SUPPLIED DATA:
^^^^^^^^^^^^^^^^

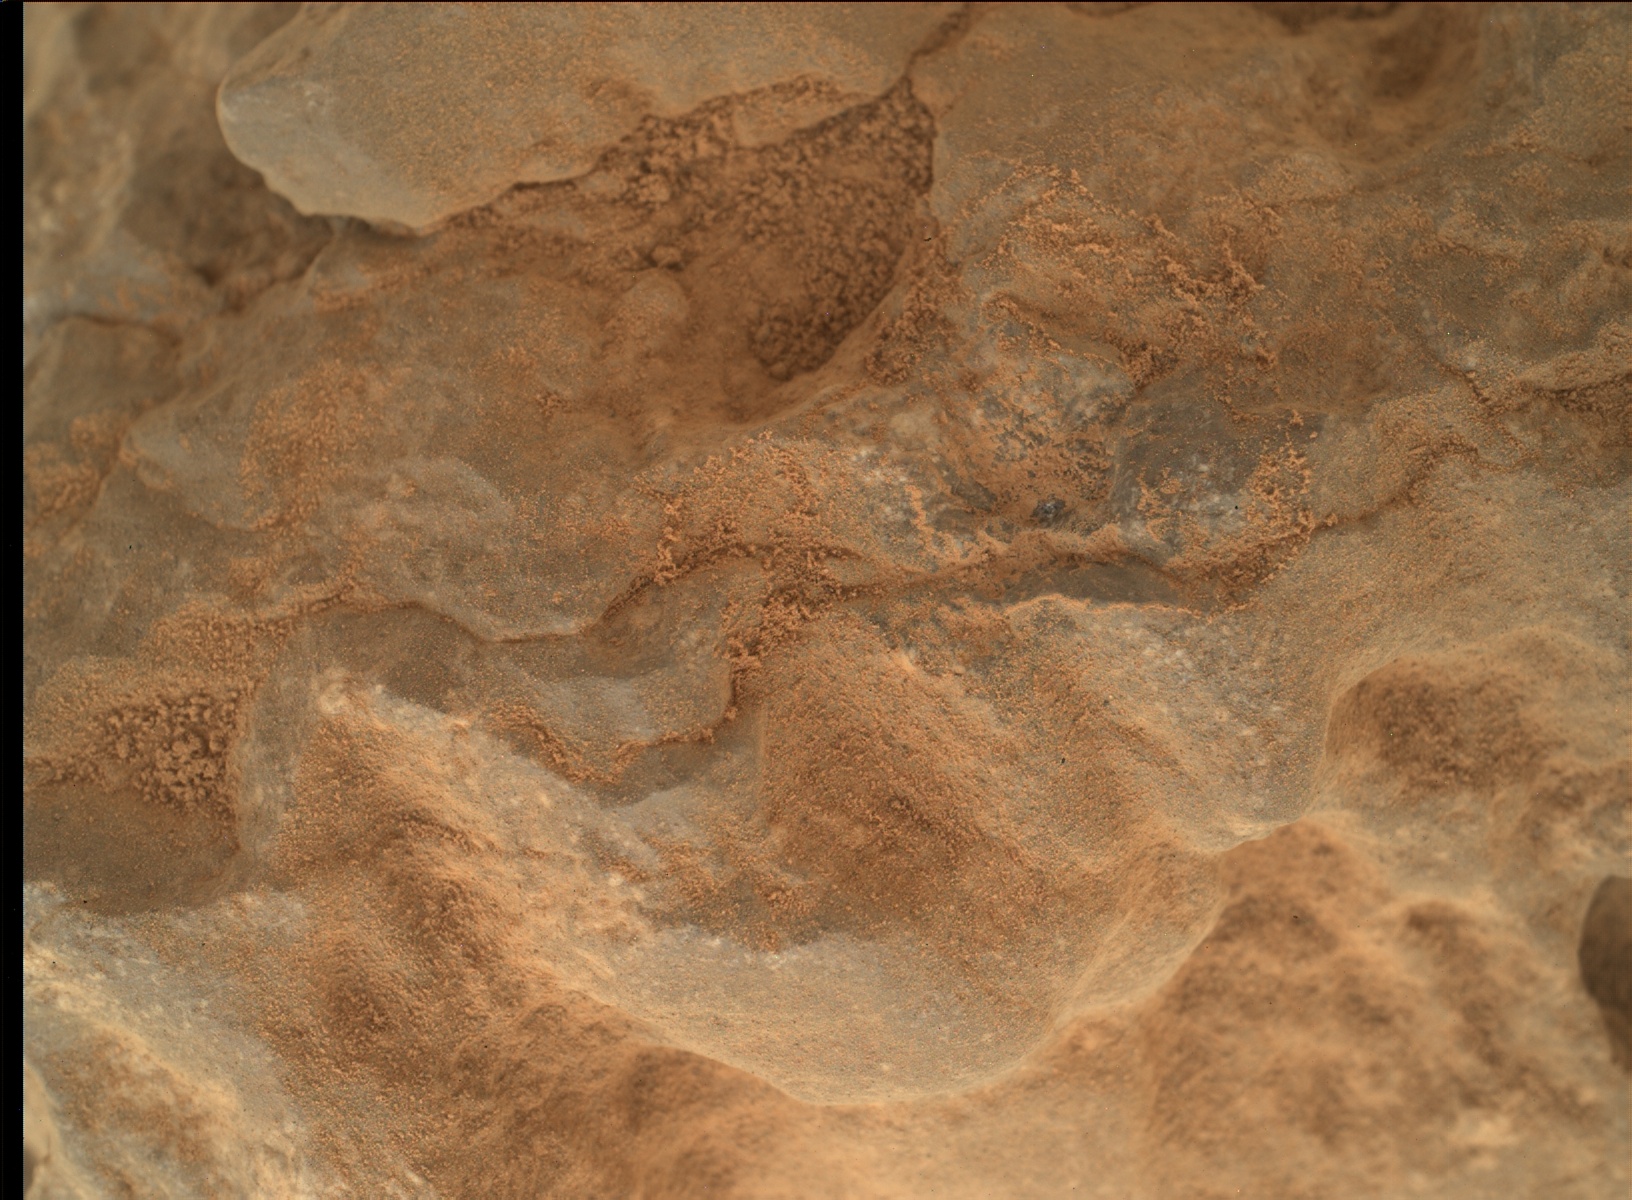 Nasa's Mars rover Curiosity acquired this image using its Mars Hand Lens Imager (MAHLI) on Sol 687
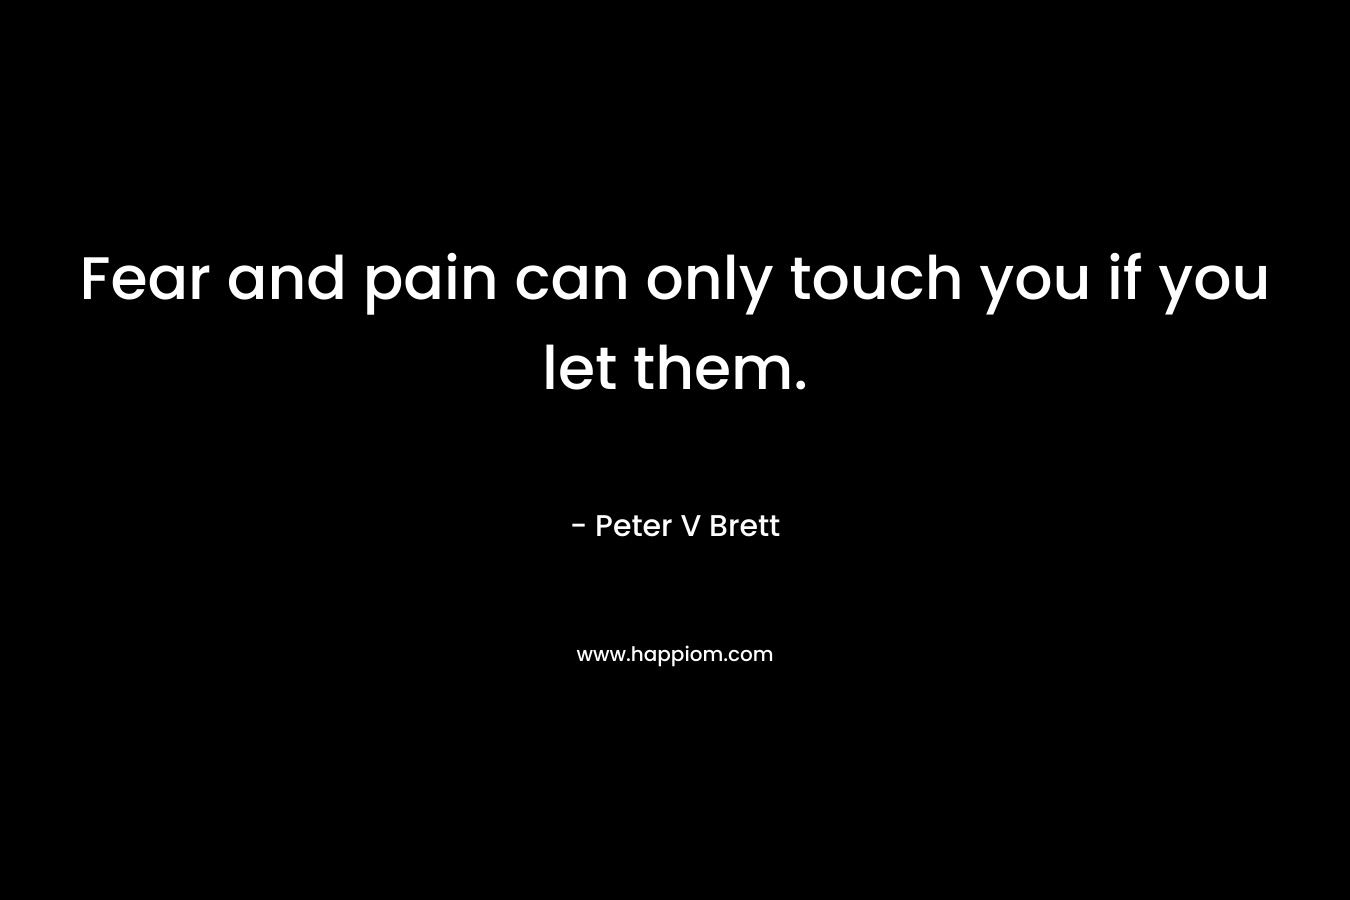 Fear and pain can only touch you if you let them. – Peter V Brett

^^^^^^^^^^^^^^^^

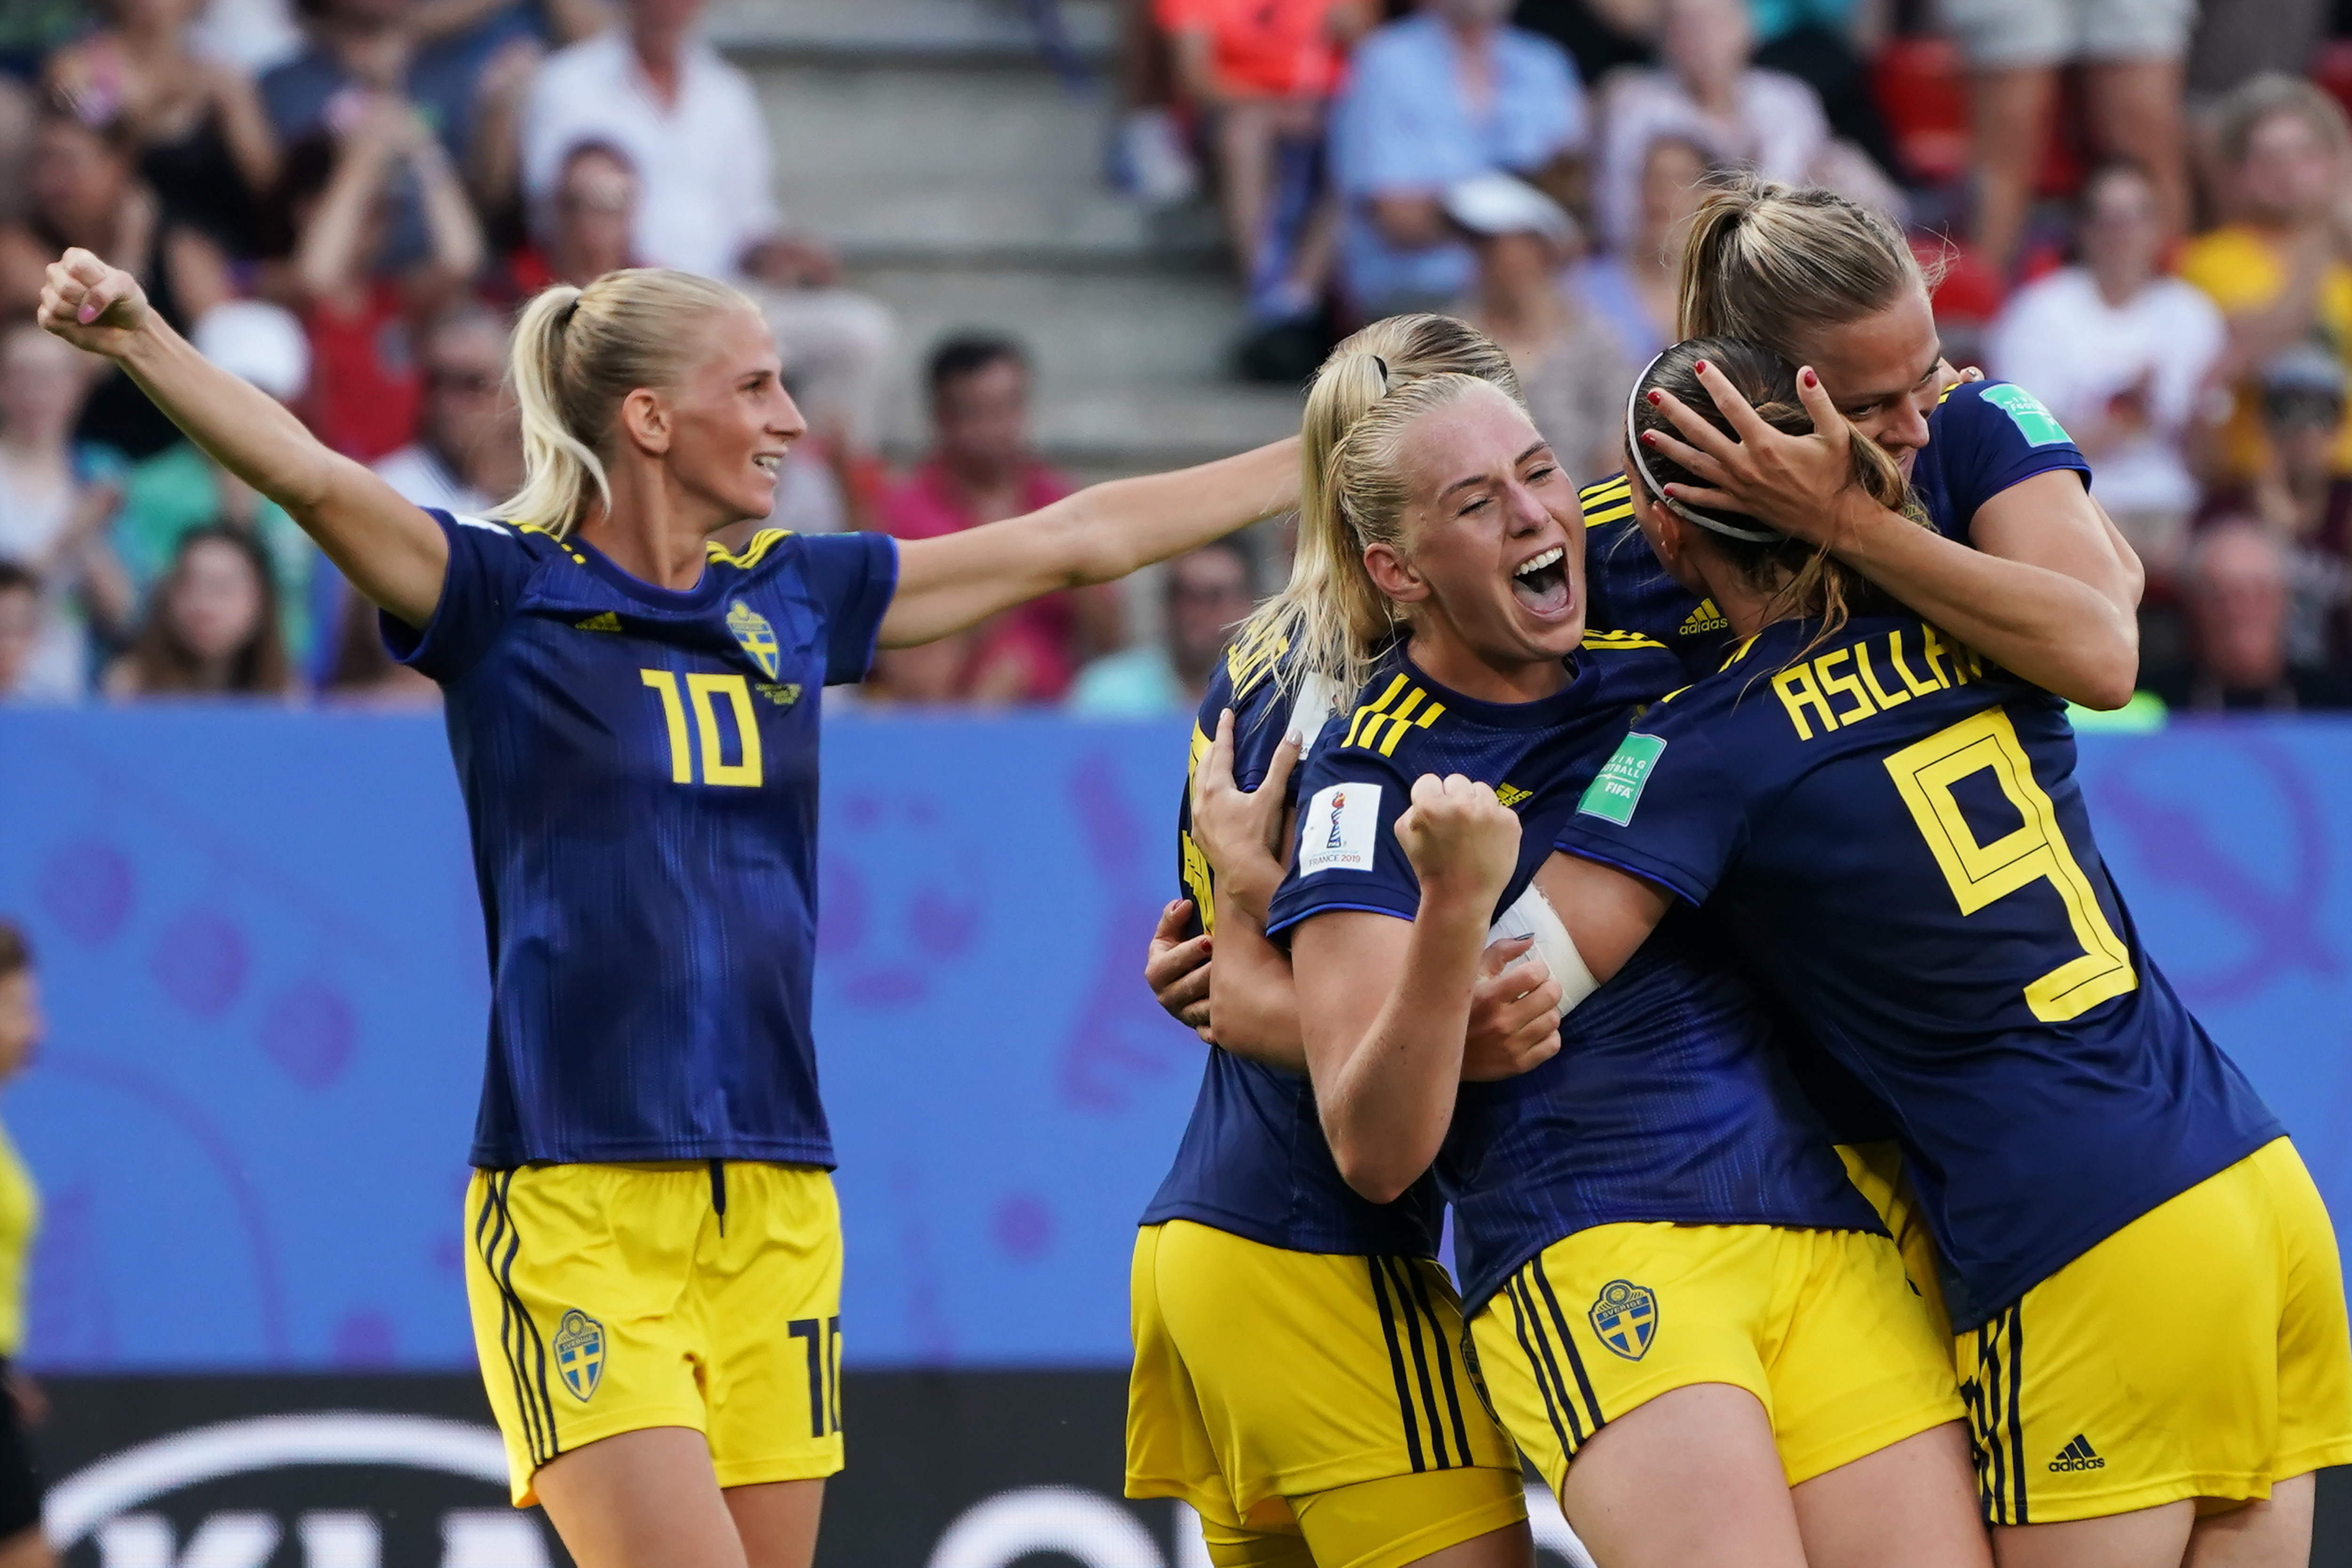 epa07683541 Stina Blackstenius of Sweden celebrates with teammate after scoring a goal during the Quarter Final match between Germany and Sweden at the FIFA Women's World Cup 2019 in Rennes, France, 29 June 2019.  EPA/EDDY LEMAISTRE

^^^^^^^^^^^^^^^^

WORK REQUEST: What's needed is an exact copy of the records above from the line containing "Nasa's Mars rover" down to the line containing "Fear and pain", both included, without any pictures.

RESPONSE AREA:
 Nasa's Mars rover Curiosity acquired this image using its Mars Hand Lens Imager (MAHLI) on Sol 687
 Fear and pain can only touch you if you let them. – Peter V Brett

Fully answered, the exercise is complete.